The surgery in February was the first time Utah doctors transplanted the left lobe of a living donor's liver. They used scans of Brandon's liver to make a 3-D printed model, so they could plan and practice the delicate procedure.

"Normally we take the right lobe and take about 60 percent of the healthy liver from the donor to give to the recipient," said Dr. Manuel Rodriguez-Davalos in a statement. "That said, with the use of current 3-D imaging and 3-D printing technology we can perform precision liver surgery and obtain a left lobe graft which gives safer and faster recovery for the donor with equal or improved outcomes for Mom."

Doctors at Intermountain Medical Center, in Murray, Utah, said that Gwen and Brandon's livers can regenerate and should grow to about 90 percent of normal size within months.

Both are recovering well after the surgery.

"I look toward the future with hope instead of, 'How sick am I going to be then,' " she said. "I look forward with joy and optimism and try to figure out what are we going to do next."

Gwen said she's walking five miles a day and has more energy than she's had in years.
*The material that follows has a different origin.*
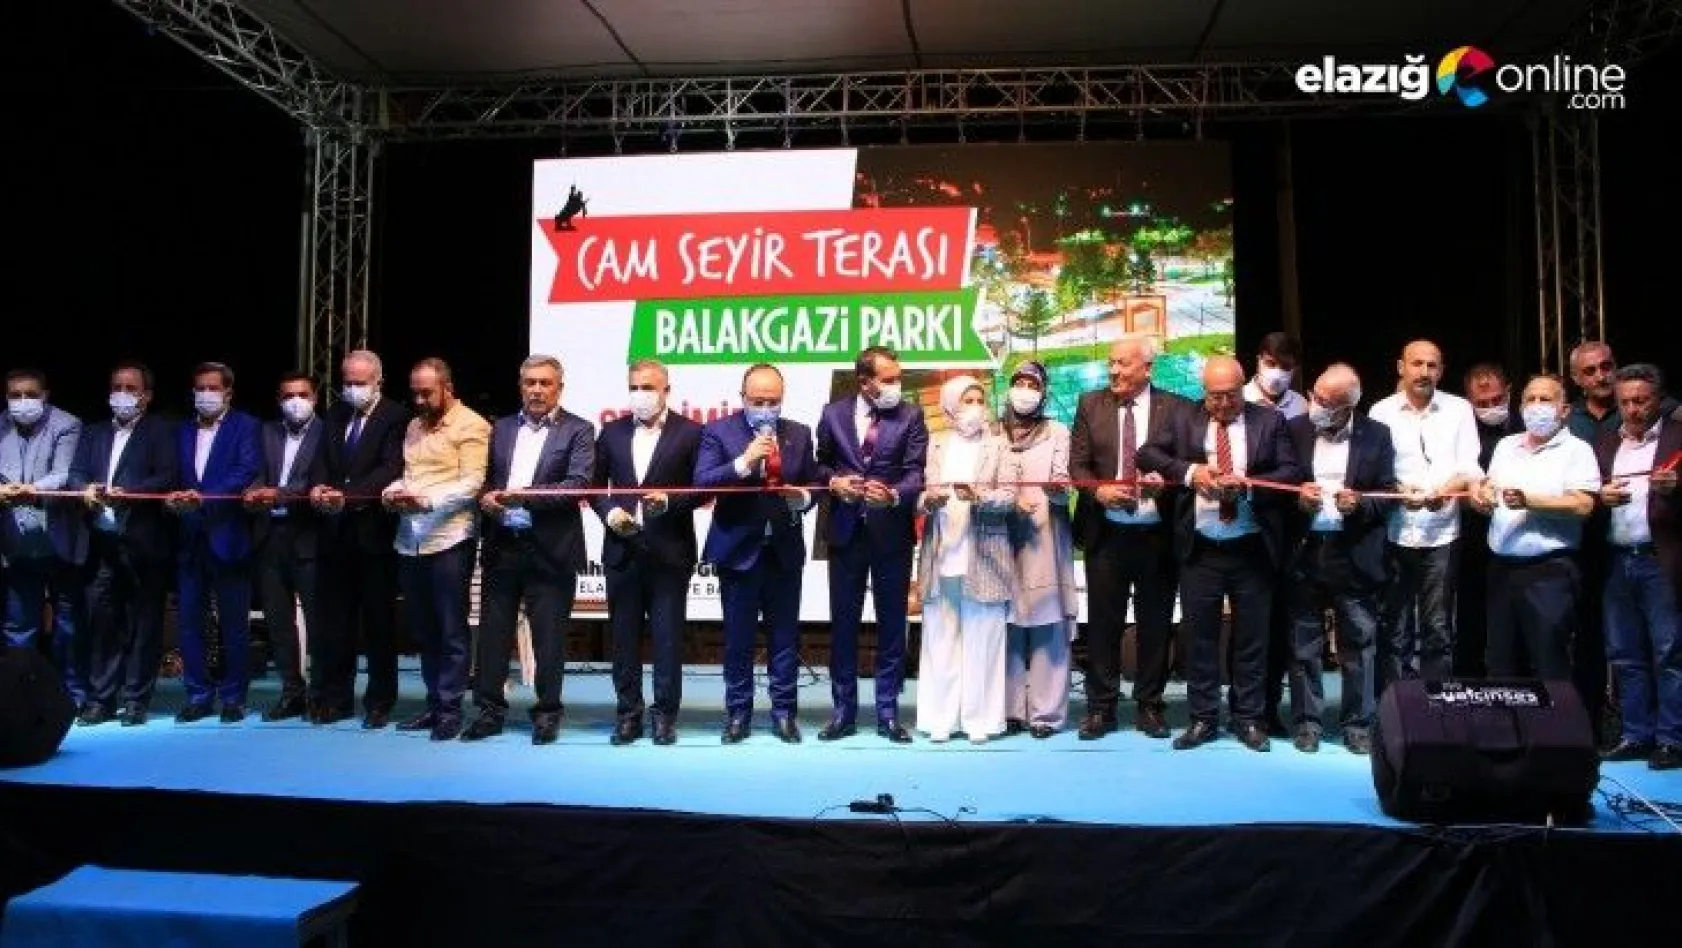 Balakgazi Parkı ve Cam Seyir Terası Açıldı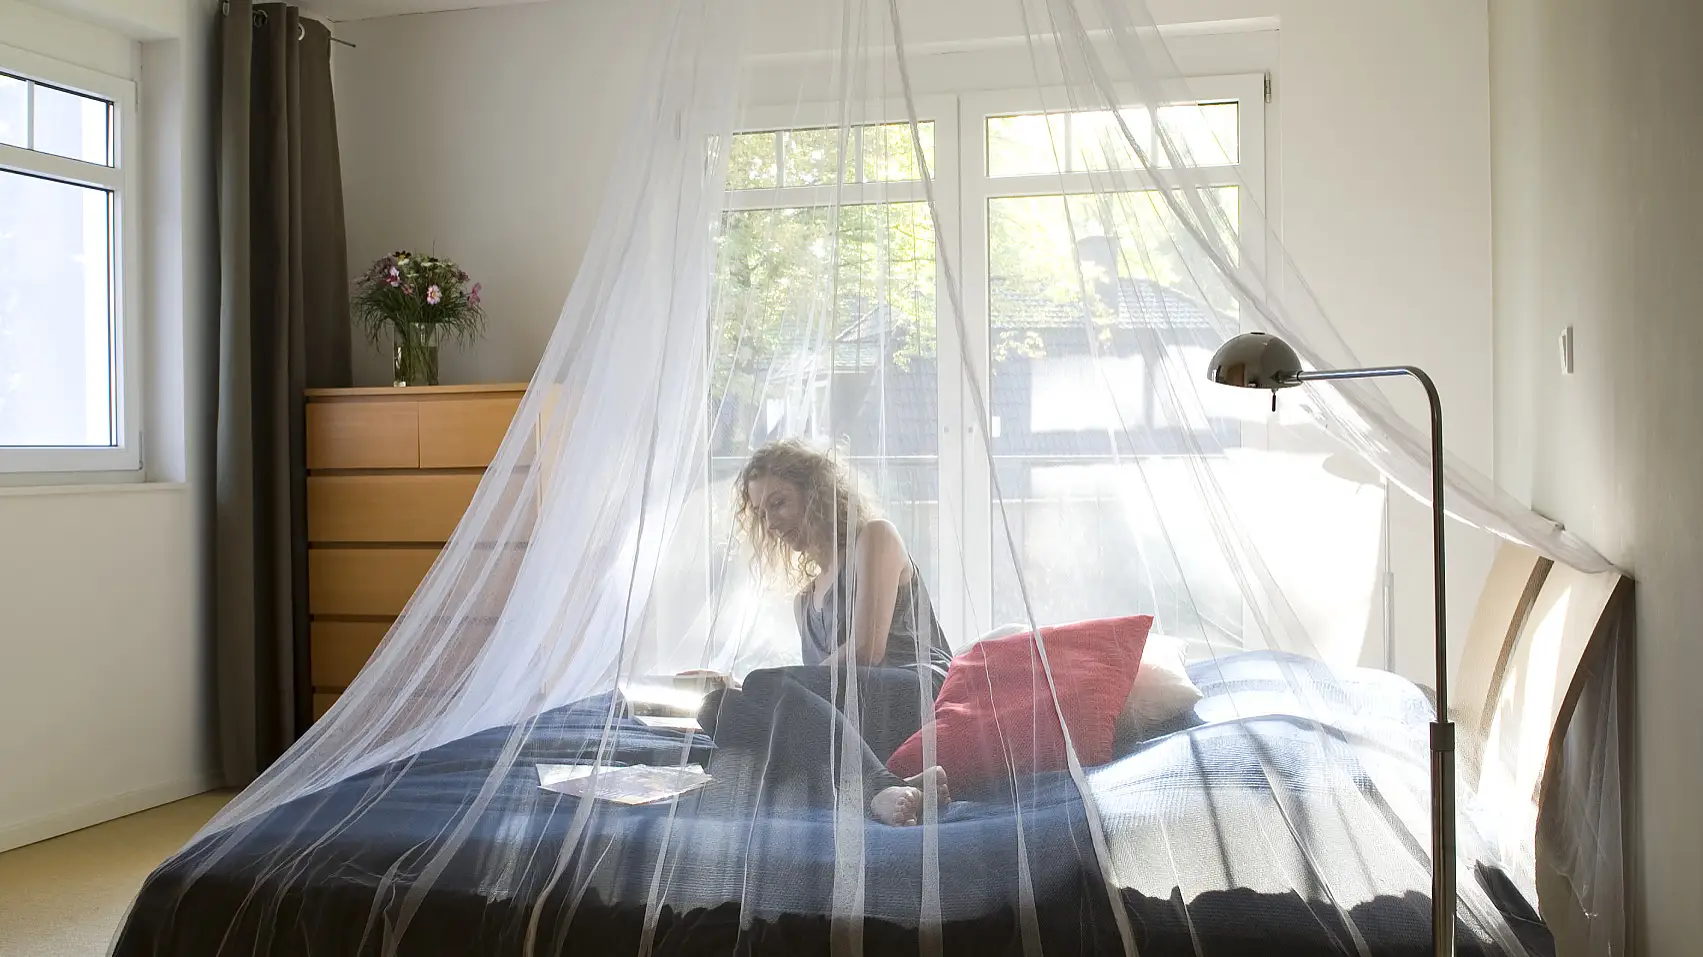 Una zanzariera da letto offre protezione dagli insetti e si appende al soffitto nella camera da letto di casa o in viaggio.

"I'm not sure I have the words to describe how I feel about my son. I am grateful that he is the kind of man who would do something like that," she said. "That he would risk his life for another human being -- didn't have to be his mother -- it would have been anybody. To me, that is the definition of a hero."

Brandon joked a that he was probably off the hook for Mother's Day gifts for at least a few years.